Jai Akash, also known as Akash, is an Indian actor, who acted as hero in Telugu and Tamil films. He has acted in a Kannada film as hero too. He is the hero of the Telugu blockbuster movie Anandam Anandam (2001).

Career
Jai Sathish, a Tamilian of Sri Lankan origin settled in London, sent his modelling photographs to the "Star Search" service run by Suhasini's entertainment portal website TamilTalkies.com during the late 1990s. K. Balachander, when casting a new actor to portray the second hero role in Rojavanam (1999), used the "Star Search" platform and selected him to be in the film under the stage name of Akash.

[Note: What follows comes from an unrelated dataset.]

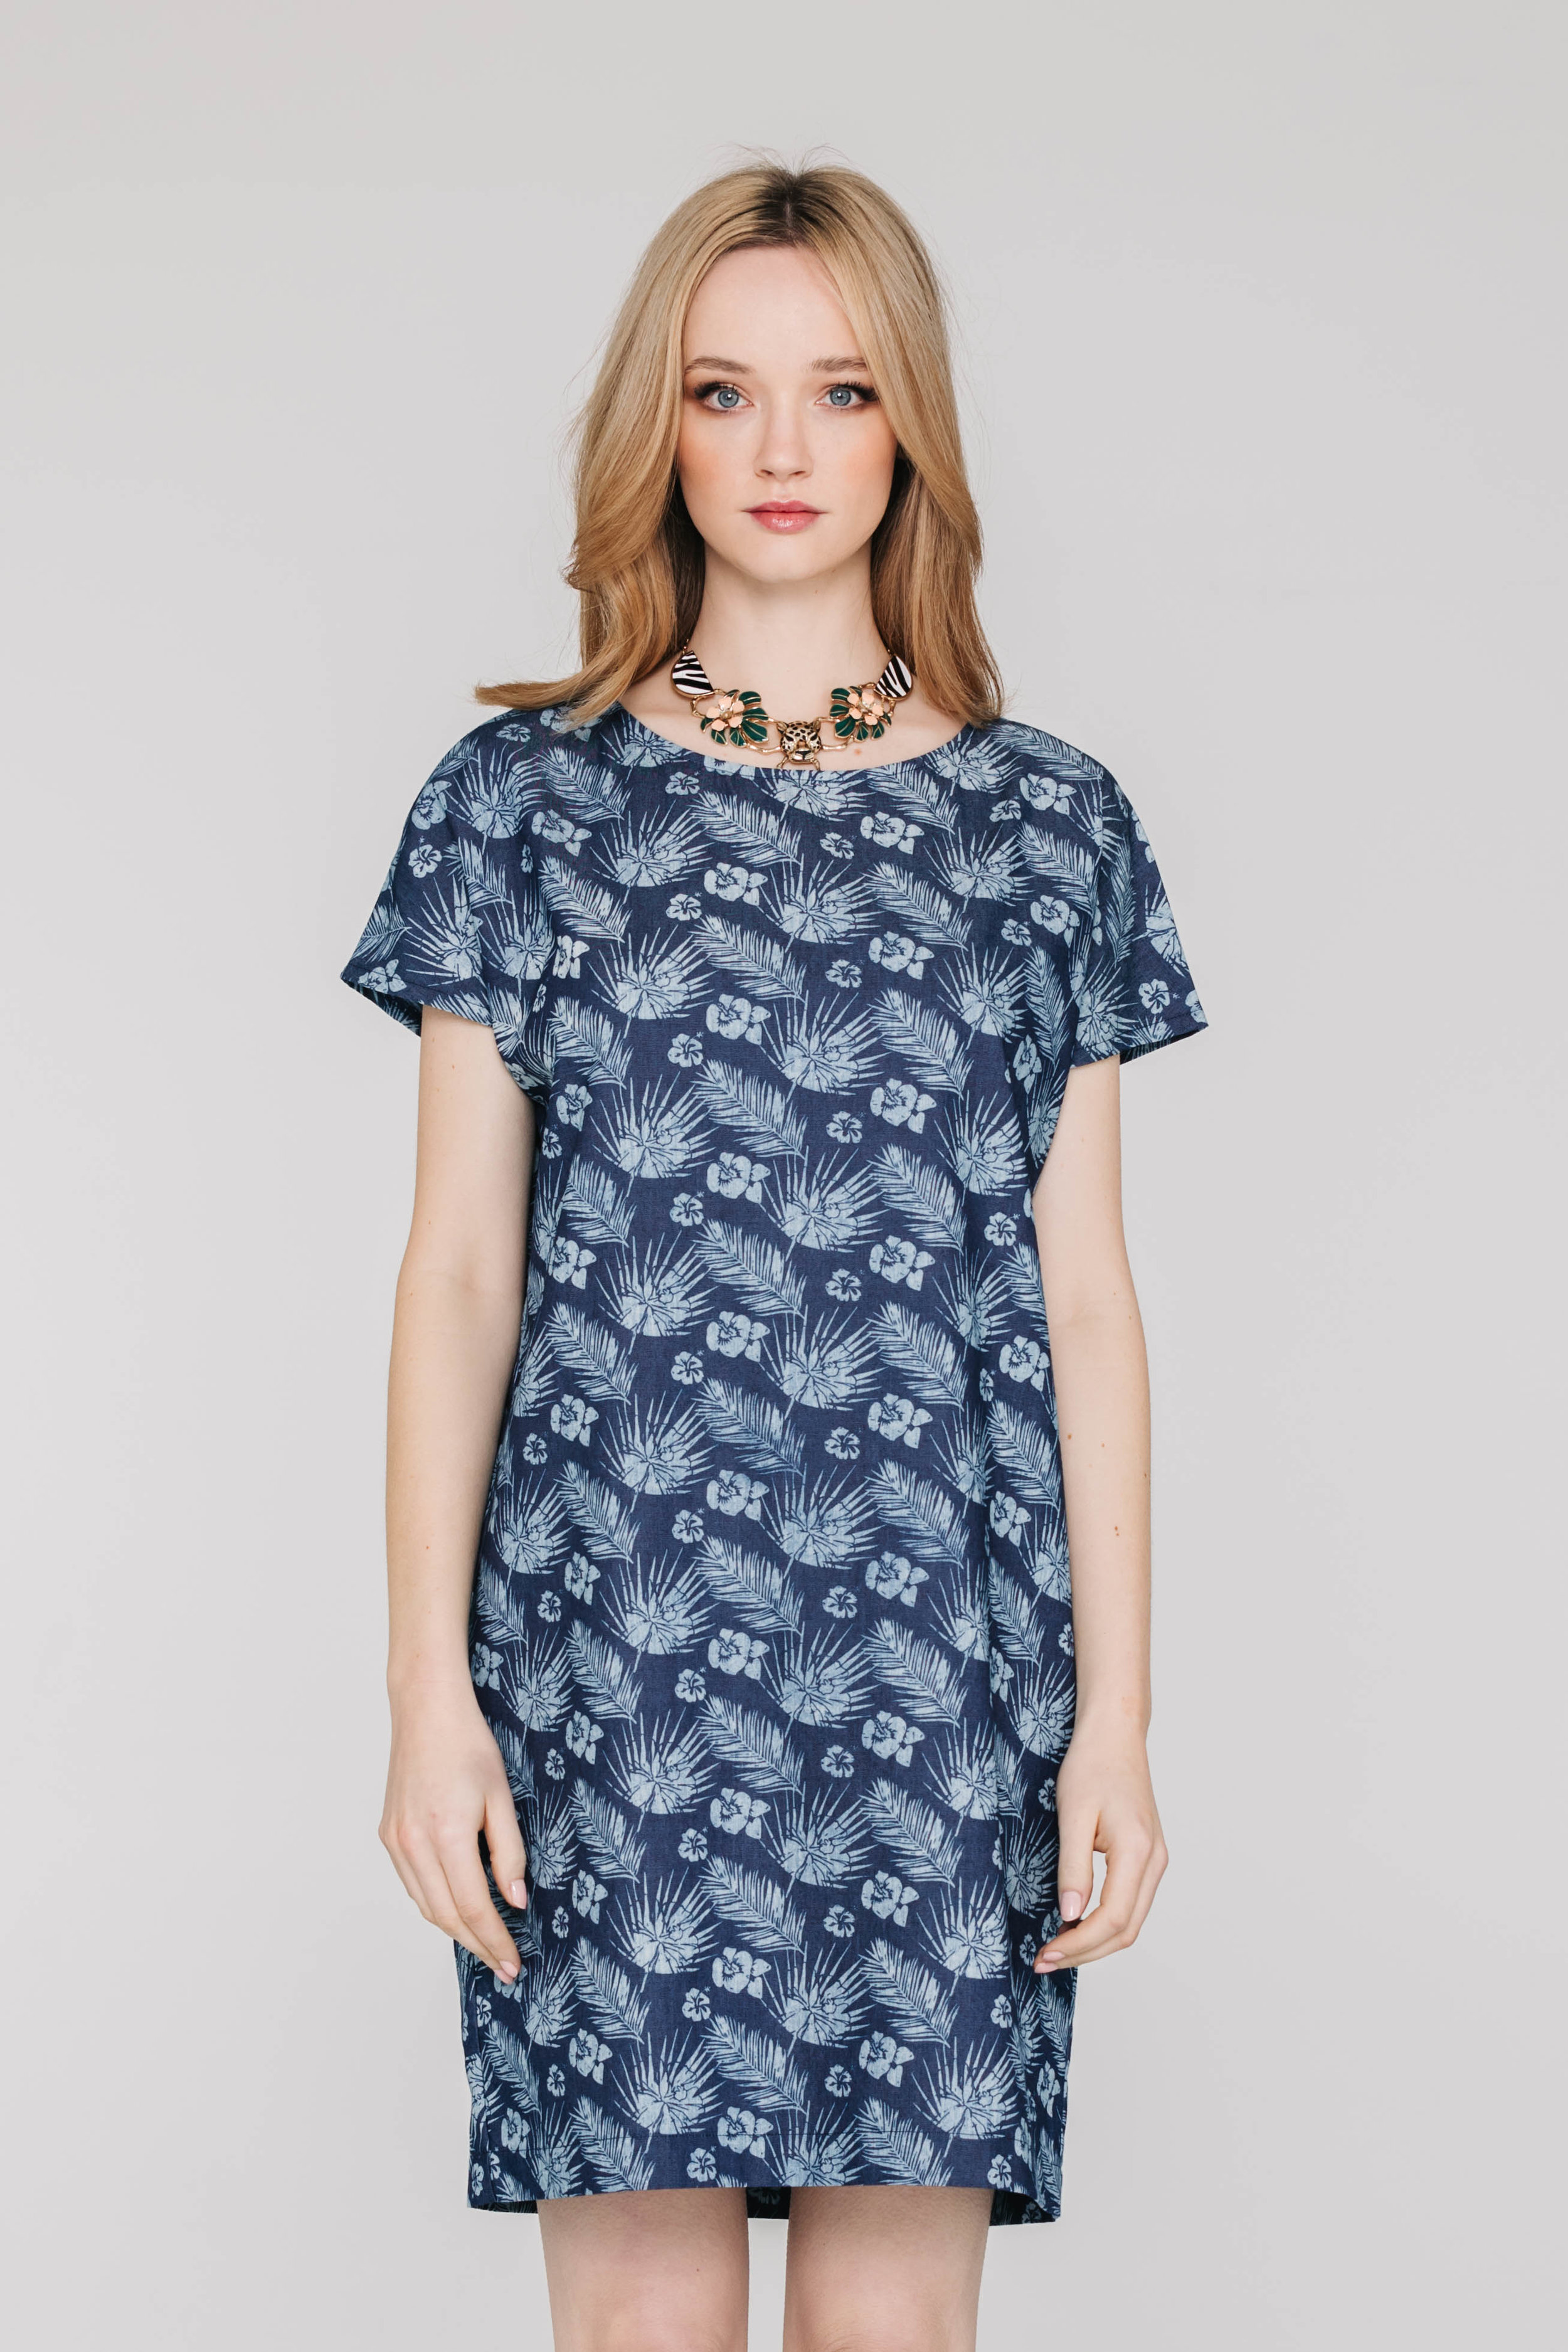 The Dress 5474N Hawaiian Denim
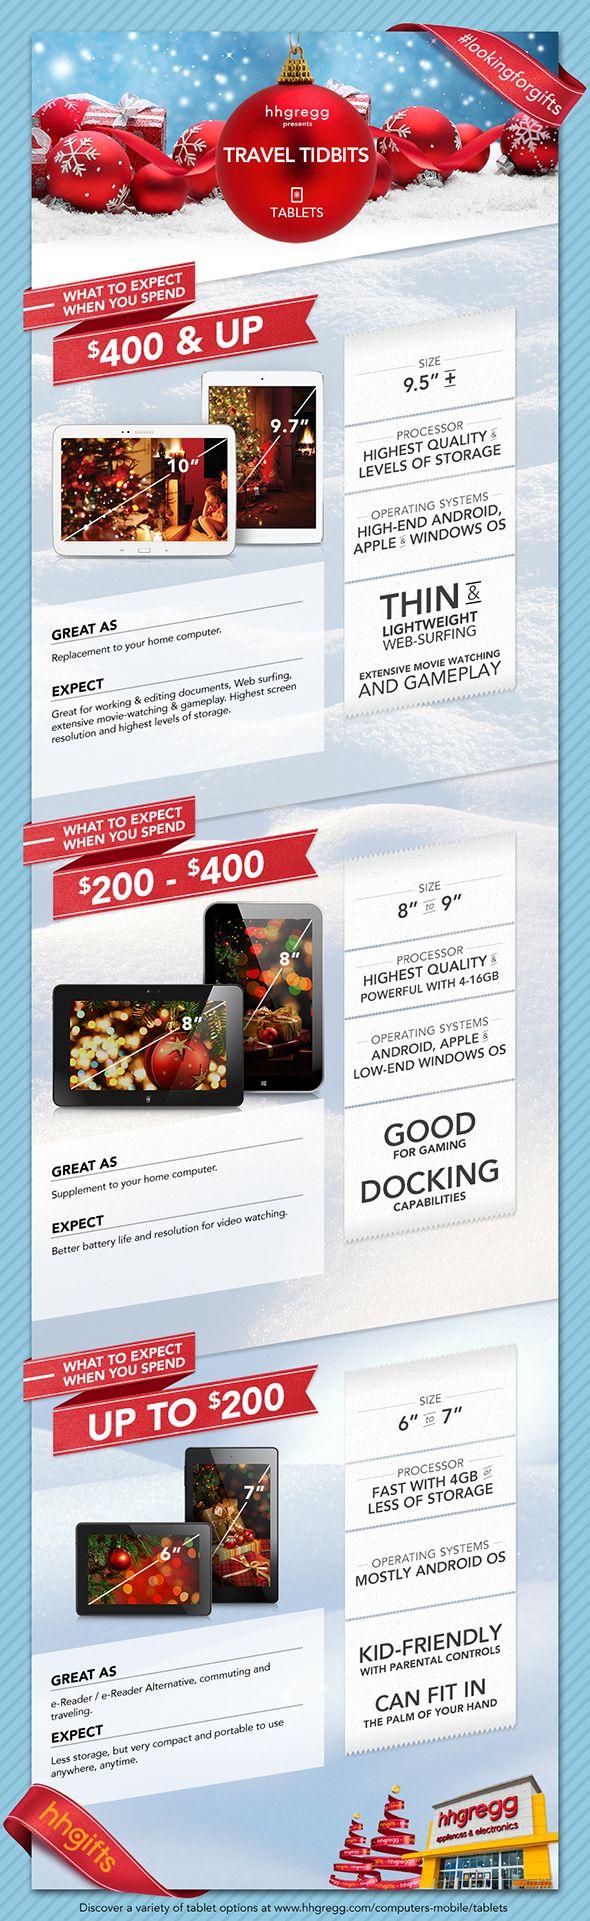 #Tablet Buying Guide - Do you fancy an infographic? There are a lot of them online, but if you want your own please visit http://www.linfografico.com/prezzi/ Online girano molte infografiche, se ne vuoi realizzare una tutta tua visita http://www.linfografico.com/prezzi/

Akash began his career with his first film in Telugu, Anandam, directed by Sreenu Vaitla and produced by Ramoji Rao. Anandam was a Silver Jubilee film and Akash won many awards for his excellent natural acting. He was the overnight super star and many top producers and directors were in queue to sign him. But, Akash acted in new directors films and struggling producers films. He acted in several Telugu films including June July opposite Sadha,"Pillistae Palukkutha" opposite Shamitha Shetty, directed by Kodi Ramakrishna and the songs composed by Bahubali Fame M.M.Keeravani became super hit. Especially, the song Manasa Ottu Maatadothu" . He returned to Tamil as a lead with the film Inidhu Inidhu Kadhal Inidhu (2003) opposite Neha, which was a remake of Anandam, also produced by Ramoji Rao. He was credited as Jai Akash due to presence of Aravind Akash, an actor with a similar name.  In 2004, he teamed up with Sreenu Vaitla again in Anandamanandamaye. He also starred in six Tamil films between 2004 and 2005; Ramakrishna, Kicha Vayasu 16, Gurudeva, Sevvel, Amudhae and Kaatrullavarai. The Tamil films he acted as hero were with all the top directors, such as Agathiyan and Ezhil but the films didn't get the proper release.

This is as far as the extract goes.